A Multiple Linear Regression Model using World Happiness Report Data Set to predict a feature called 'Freedom to make life choices'
As a part of Cornell University's Break Thru Tech program, I explored an "The World Happiness record" dataset using libraries such as Sci-Kit learn, Numpy, Pandas, Keras, and TensorFlow on Jupyter notebook to train multiple supervised models that best fit to predict the feature "Freedom to make life choices". After testing different models, I ended up with a multiple linear regression model.
A detailed summary of my choices and explanations are included in the notebook, but I will explain below as well. I recommend reading these notes for a clearer understanding. Because I repeatedly changed my plan, the notes in the notebook are scattered and may not be relevant to the model I ended up choosing.
- Problem Statement and Real World Application
- Data Cleaning Summary
- Evaluation
- Challenges, Insights Gained and Future Improvements
Looking into the amount of freedom there is in choices can give different companies perspectives on the market and lifestyle of a place. For example, a high amount of freedom can mean there are more opportunities for companies to compete for advertising and selling their products AKA an open market, as the people have more choice in deciding what they want to buy. They can use this as an optic to see if they'll have successful profits. This can be another option for a food product, different types of education (private, charter, catholic, vocational), etc. If a companies goal to offer more freedom in a way that's either literal (non-profit for a cause) or more abstract (create options in a market), they can use this label to see a current standing.
I used three approaches when dealing with missing data in feature columns. If the feature column has less than 5% of the data missing, I used the mean per country for each specific column to fill in the missing values. This was done by country to reduce bias. If the feature had between 5-20% of it's data missing, I used a KNN imputer to fill in the missing data. For those with more than 20% data missing, I removed the column entirely.
-
Columns to replace with mean by each country(<5% missing):
- Log GDP, Social Support, Life Expectancy, Freedom to make choices, Generosity, Corruption, Positive, Negative
-
KNN imputation (5-20% missing):
- Confidence, Democratic qualily, Delivery quality, GINI index average 2000-15
-
Remove column (>20% missing):
- GINI index (World Bank Estimate)
- gini of household income reported in Gallup, by wp5-year
Remove column due to data type:
- country (object)
I used Root Mean Squared Error (RMSE) and R-squared (R^2 / coefficient of determination) to evaluate my model's results.

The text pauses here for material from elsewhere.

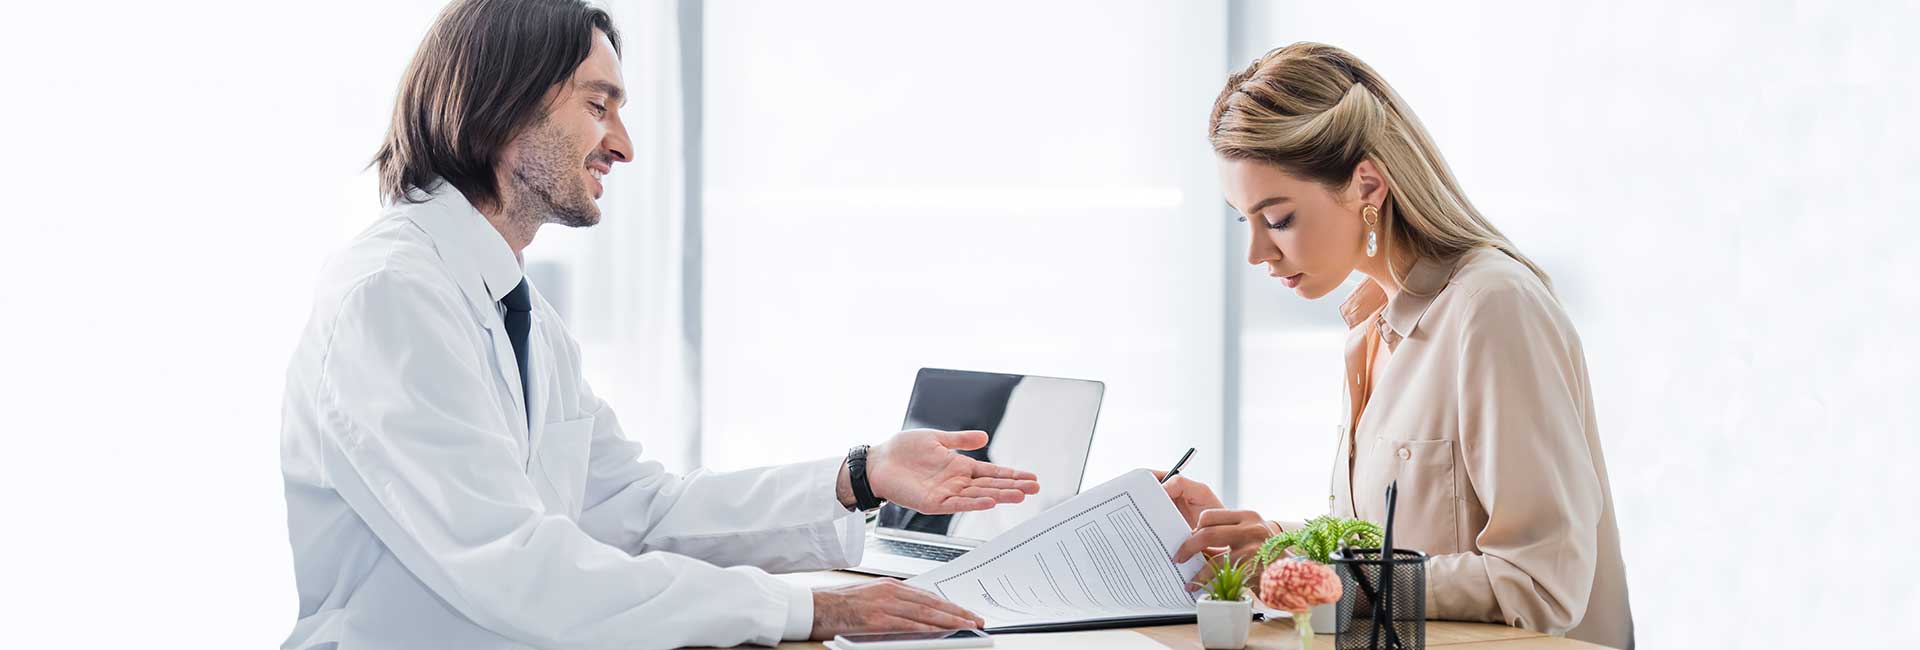 Woman signing insurance claim form during appointment

- A big challenge I faced was picking the right model, though is it natural to test different models to see which works best for your situation. I initially tried a Feedforward Neural Network, though no matter how much regularization and drop layers I added, the model tended to overfit the data. A key indicator of this was that the training loss was consistently higher than the validation loss. I figured the dataset was too small for such a complex model and tried a simpler one: a decision tree. The training score for mean square was consistently 0, another sign of overfitting. Lastly, I decided to try a linear regression model using the column with the most correlation to the label. The results weren't too bad so I then went to a multiple linear regression model. Code for attempts at these previous models is included at the end of the notebook.
- Because of the various types of modeling used, I have a better understanding of the structures, strengths, weaknesses, and complexities of the different machine learning models.
- You cannot use a neural network on small datasets because of massive overfitting that may not be fixable by regularization and dropping. Because of these prevention tactics, I actually ended up with validation losses less than my testing losses when trying to train a FNN with this small dataset. Even 'unindexing' the data by country didn't work.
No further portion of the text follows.